Au Luxembourg, le RT, en augmentation depuis le début du mois d’octobre, s’établit le 18 octobre à 1,2. L’épidémie est donc en augmentation, une personne infectée contaminant en moyenne un peu plus d’une personne.

Cependant, cet indicateur serait à appréhender avec prudence. «Lorsque le nombre de cas est faible, ce nombre est particulièrement sensible aux variations, même faibles, du nombre de cas», prévient le site du ministère de la Santé français.

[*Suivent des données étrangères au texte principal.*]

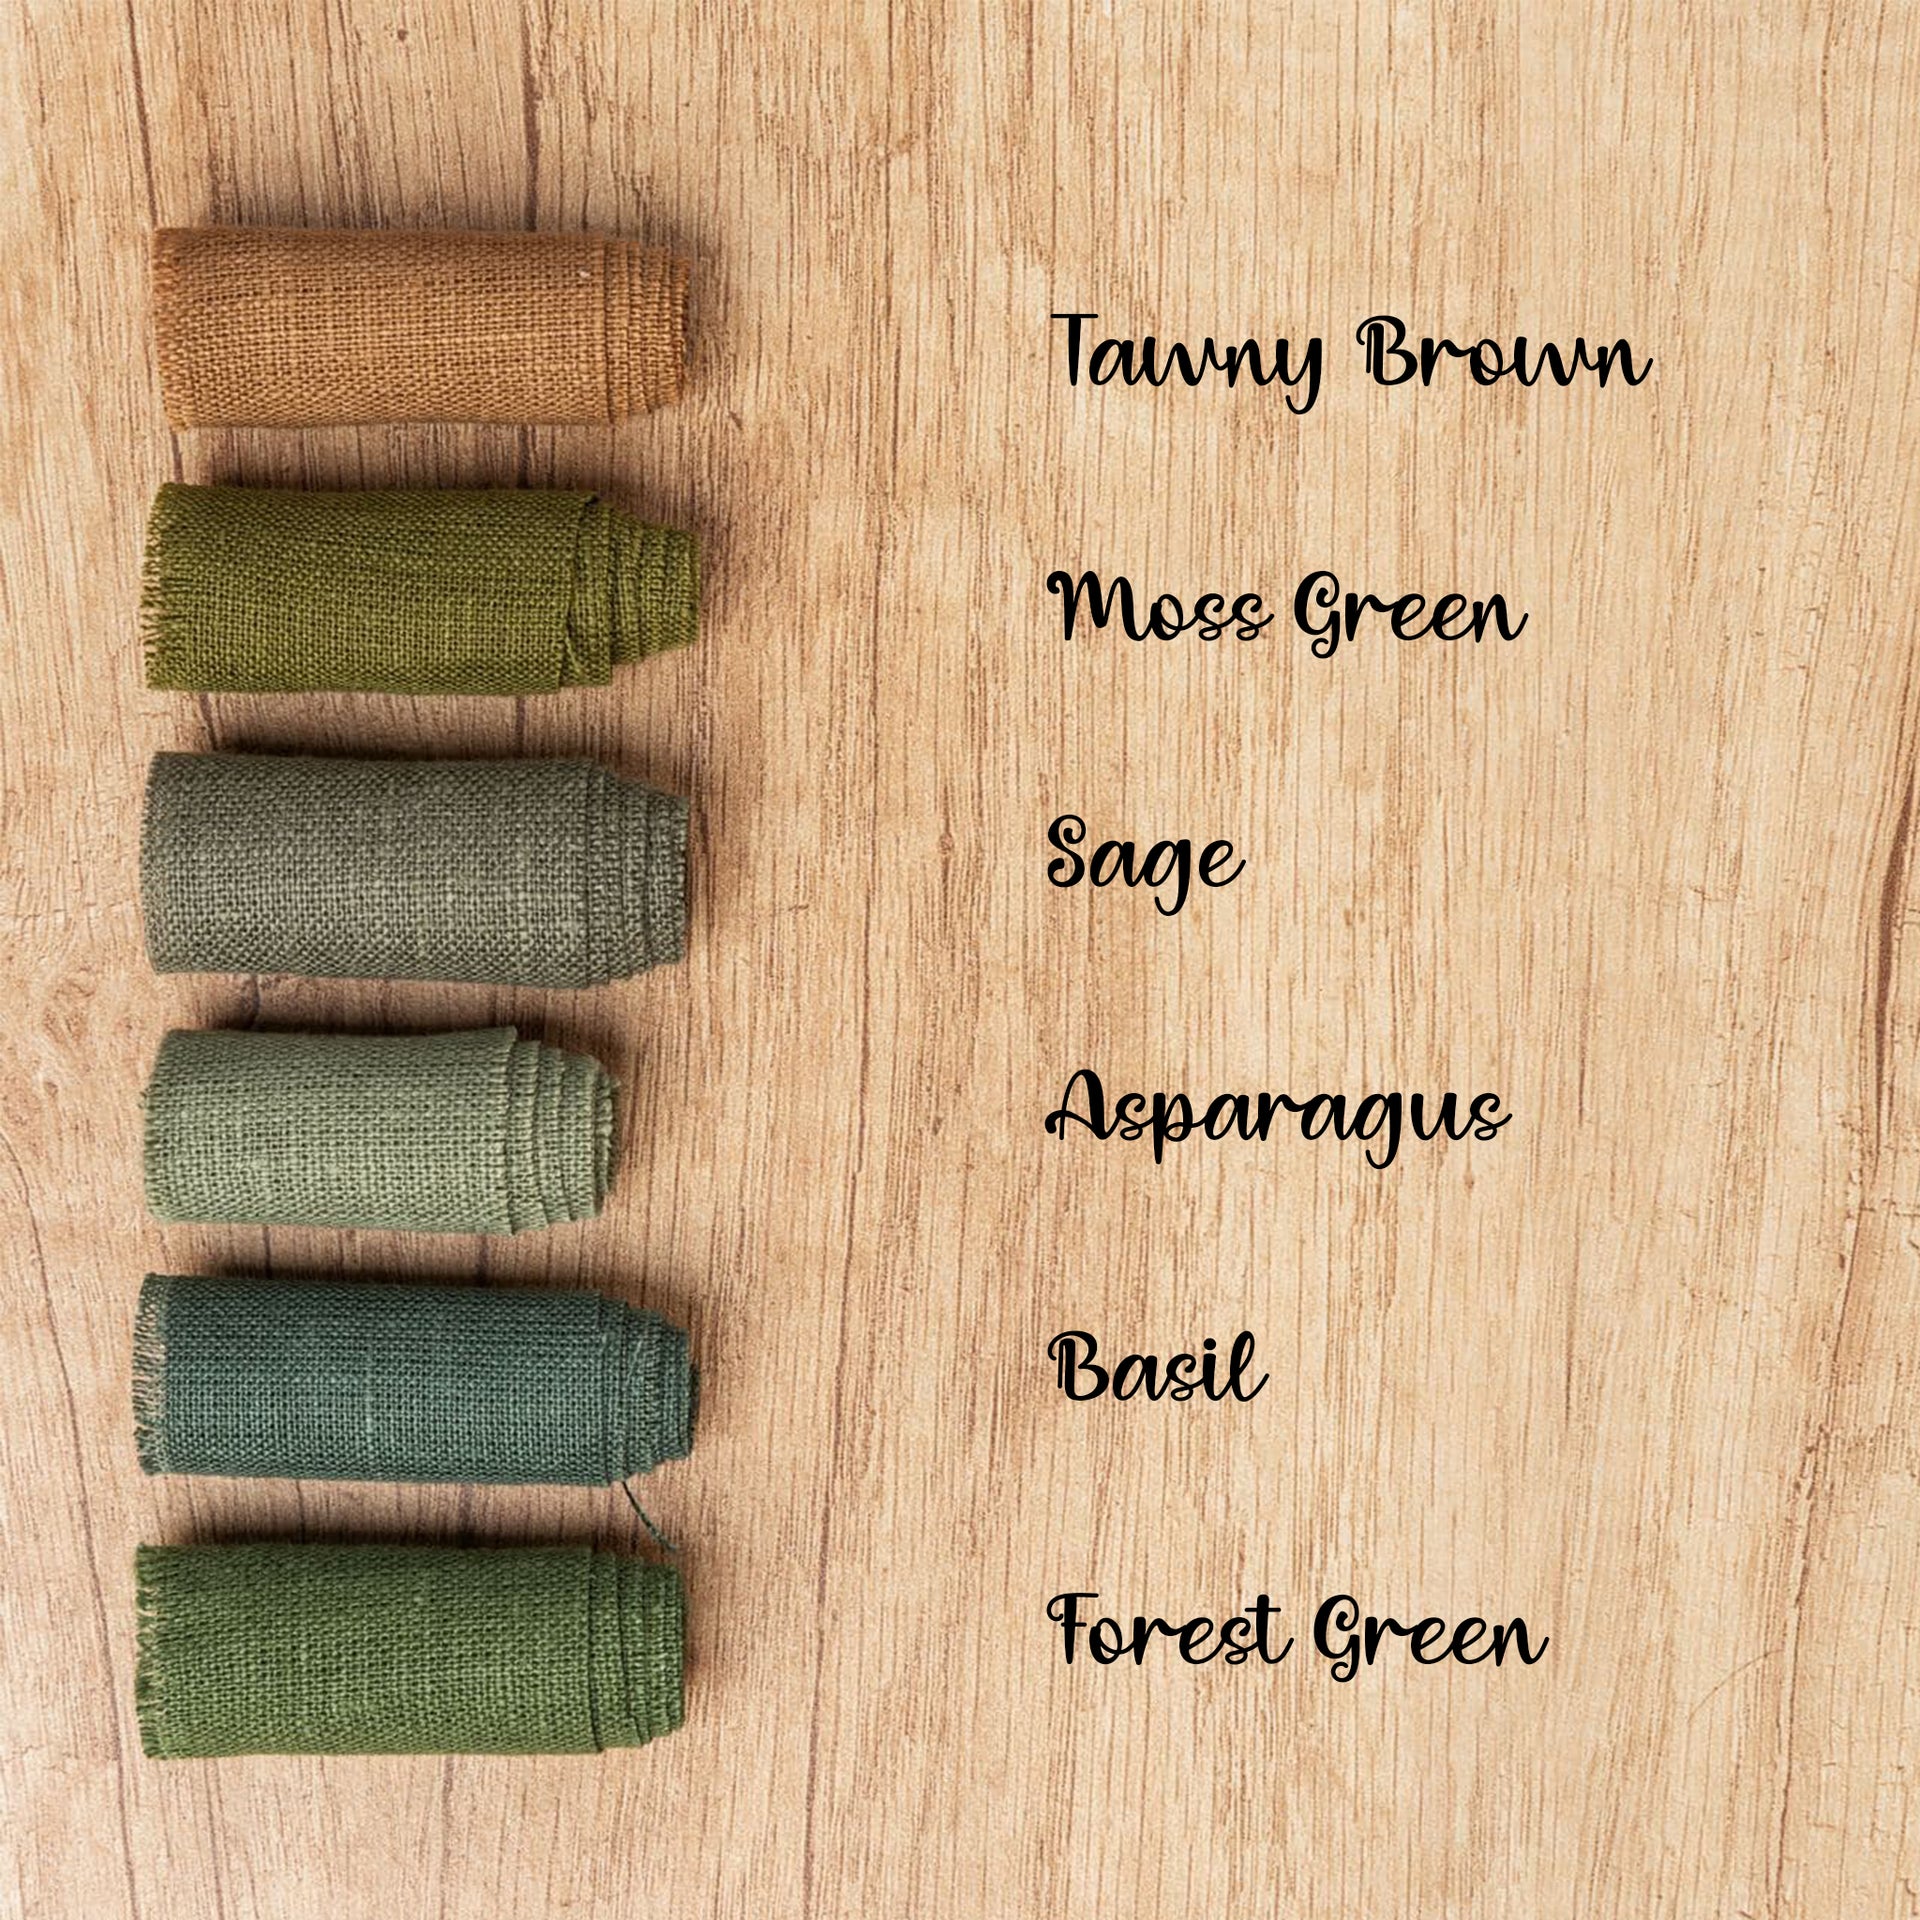 @ color:Tawny Brown,color:Asparagus,color:Forest Greencolor:Tawny Brown,color:Asparagus,color:Forest Green, color:Moss Green, color:Sage, color:Basil

Dans ce cas, «le RT peut rapidement augmenter sans toutefois signifier une reprise de circulation active intense du virus. […] Il faut donc interpréter cet indicateur à l’aune de son évolution dans le temps.»

L’observation de l’ensemble de ces indicateurs permet donc d’appréhender plus finement la dynamique de l’épidémie qu’en ne prenant en considération que le nombre de nouveaux cas ou le taux d’incidence.

«Tout le monde doit veiller dans les prochains jours et les prochaines semaines à l’évolution des chiffres», a expliqué dimanche le Premier ministre, Xavier Bettel (DP). «On ne peut rien exclure», a-t-il insisté, d’autant que ces chiffres devraient continuer à augmenter cette semaine, selon lui. Un prochain conseil de gouvernement est pour l’instant prévu pour vendredi. Sauf difficultés dans les hôpitaux, auquel cas des mesures plus restrictives pourraient être adoptées plus rapidement.